From: Petr Mladek <pmladek@suse.com>
To: Andrew Morton <akpm@linux-foundation.org>,
Oleg Nesterov <oleg@redhat.com>, Tejun Heo <tj@kernel.org>,
Ingo Molnar <mingo@redhat.com>,
Peter Zijlstra <peterz@infradead.org>
Cc: Steven Rostedt <rostedt@goodmis.org>,
"Paul E. McKenney" <paulmck@linux.vnet.ibm.com>,
Josh Triplett <josh@joshtriplett.org>,
Thomas Gleixner <tglx@linutronix.de>,
Linus Torvalds <torvalds@linux-foundation.org>,
Jiri Kosina <jkosina@suse.cz>, Borislav Petkov <bp@suse.de>,
Michal Hocko <mhocko@suse.cz>,
linux-mm@kvack.org, Vlastimil Babka <vbabka@suse.cz>,
live-patching@vger.kernel.org, linux-api@vger.kernel.org,
linux-kernel@vger.kernel.org, Petr Mladek <pmladek@suse.com>
Subject: [RFC v2 10/18] ring_buffer: Do no not complete benchmark reader too early
Date: Mon, 21 Sep 2015 15:03:51 +0200 [thread overview]
Message-ID: <1442840639-6963-11-git-send-email-pmladek@suse.com> (raw)
In-Reply-To: <1442840639-6963-1-git-send-email-pmladek@suse.com>
It seems that complete(&read_done) might be called too early
in some situations.
1st scenario:
-------------
CPU0 CPU1
ring_buffer_producer_thread()
wake_up_process(consumer);
wait_for_completion(&read_start);
ring_buffer_consumer_thread()
complete(&read_start);
ring_buffer_producer()
# producing data in
# the do-while cycle
ring_buffer_consumer();
# reading data
# got error
# set kill_test = 1;
set_current_state(
TASK_INTERRUPTIBLE);
if (reader_finish) # false
schedule();
# producer still in the middle of
# do-while cycle
if (consumer && !(cnt % wakeup_interval))
wake_up_process(consumer);
# spurious wakeup
while (!reader_finish &&
!kill_test)
# leaving because
# kill_test == 1
reader_finish = 0;
complete(&read_done);
1st BANG: We might access uninitialized "read_done" if this is the
the first round.
# producer finally leaving
# the do-while cycle because kill_test == 1;
if (consumer) {
reader_finish = 1;
wake_up_process(consumer);
wait_for_completion(&read_done);
2nd BANG: This will never complete because consumer already did
the completion.
2nd scenario:
-------------
CPU0 CPU1
ring_buffer_producer_thread()
wake_up_process(consumer);
wait_for_completion(&read_start);
ring_buffer_consumer_thread()
complete(&read_start);
ring_buffer_producer()
# CPU3 removes the module <--- difference from
# and stops producer <--- the 1st scenario
if (kthread_should_stop())
kill_test = 1;
ring_buffer_consumer();
while (!reader_finish &&
!kill_test)
# kill_test == 1 => we never go
# into the top level while()
reader_finish = 0;
complete(&read_done);
# producer still in the middle of
# do-while cycle
if (consumer && !(cnt % wakeup_interval))
wake_up_process(consumer);
# spurious wakeup
while (!reader_finish &&
!kill_test)
# leaving because kill_test == 1
reader_finish = 0;
complete(&read_done);
BANG: We are in the same "bang" situations as in the 1st scenario.
Root of the problem:
--------------------
ring_buffer_consumer() must complete "read_done" only when "reader_finish"
variable is set.
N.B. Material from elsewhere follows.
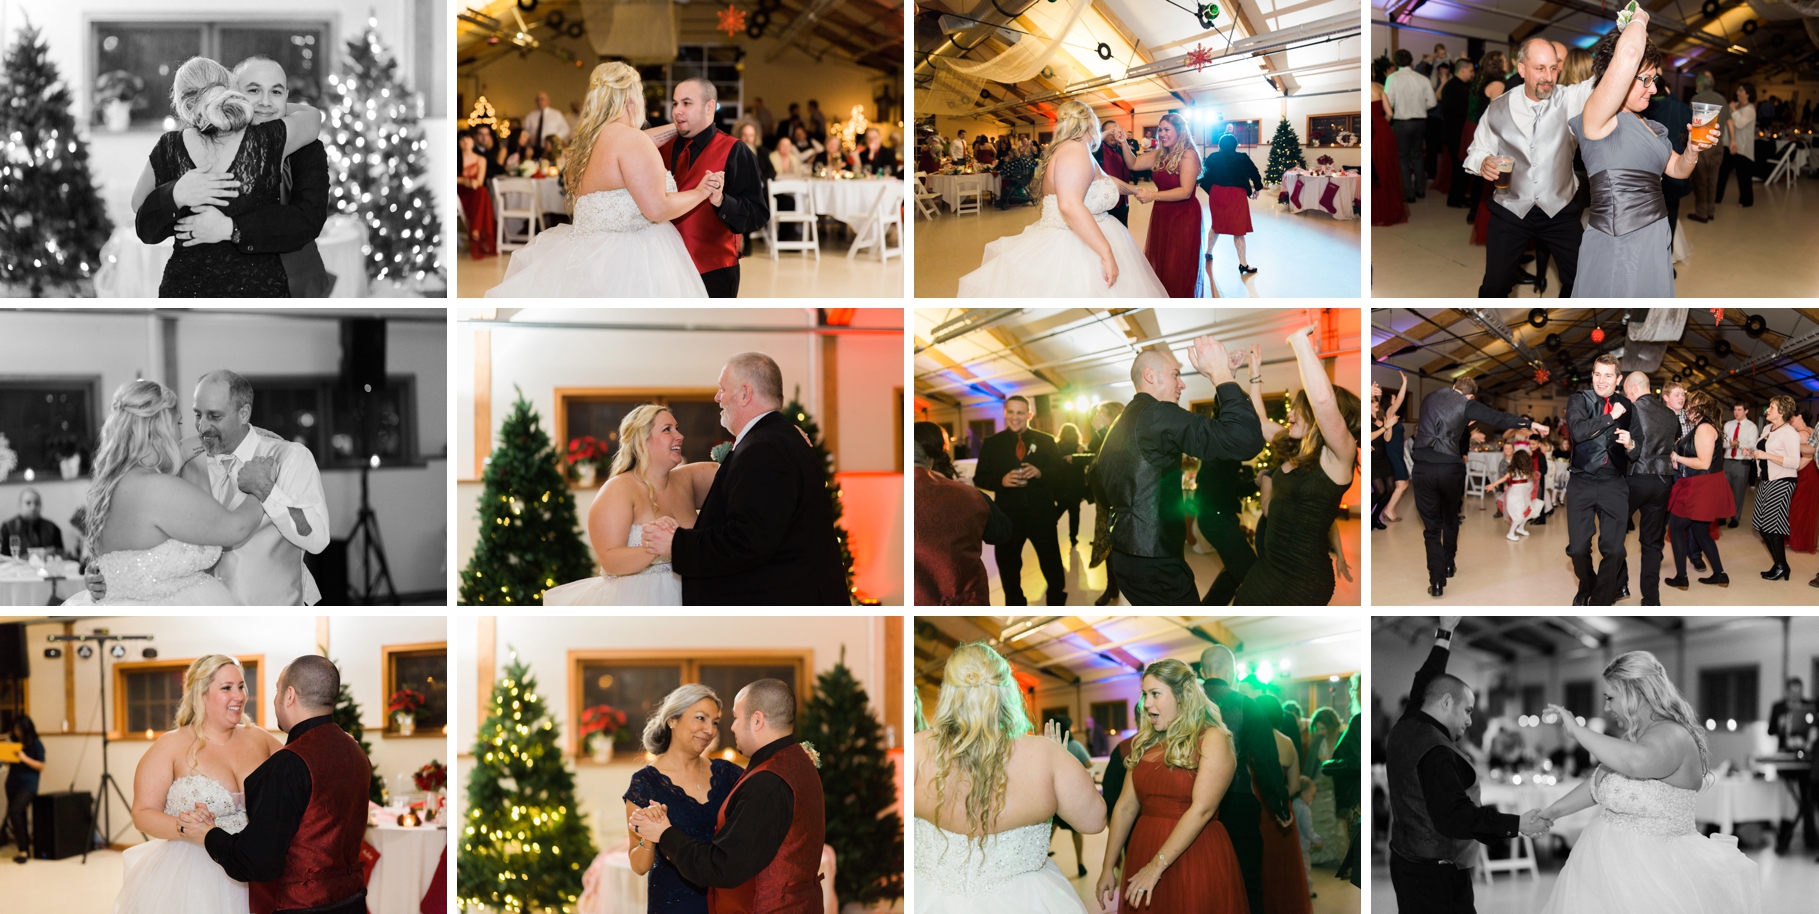 22-Reception-Christmas-Wedding-Pickering-Barn-Issaquah-Christmas-Wedding-Winter-Wedding-Photographer-Seattle-Photography-by-Betty-Elaine

It must not be skipped due to other conditions.
Note that we still must keep the check for "reader_finish" in a loop
because there might be spurious wakeups as described in the
above scenarios.
Solution:
----------
The top level cycle in ring_buffer_consumer() will finish only when
"reader_finish" is set. The data will be read in "while-do" cycle
so that they are not read after an error (kill_test == 1)
or a spurious wake up.
In addition, "reader_finish" is manipulated by the producer thread.
Therefore we add READ_ONCE() to make sure that the fresh value is
read in each cycle. Also we add the corresponding barrier
to synchronize the sleep check.
Next we set the state back to TASK_RUNNING for the situation where we
did not sleep.
Just from paranoid reasons, we initialize both completions statically.
This is safer, in case there are other races that we are unaware of.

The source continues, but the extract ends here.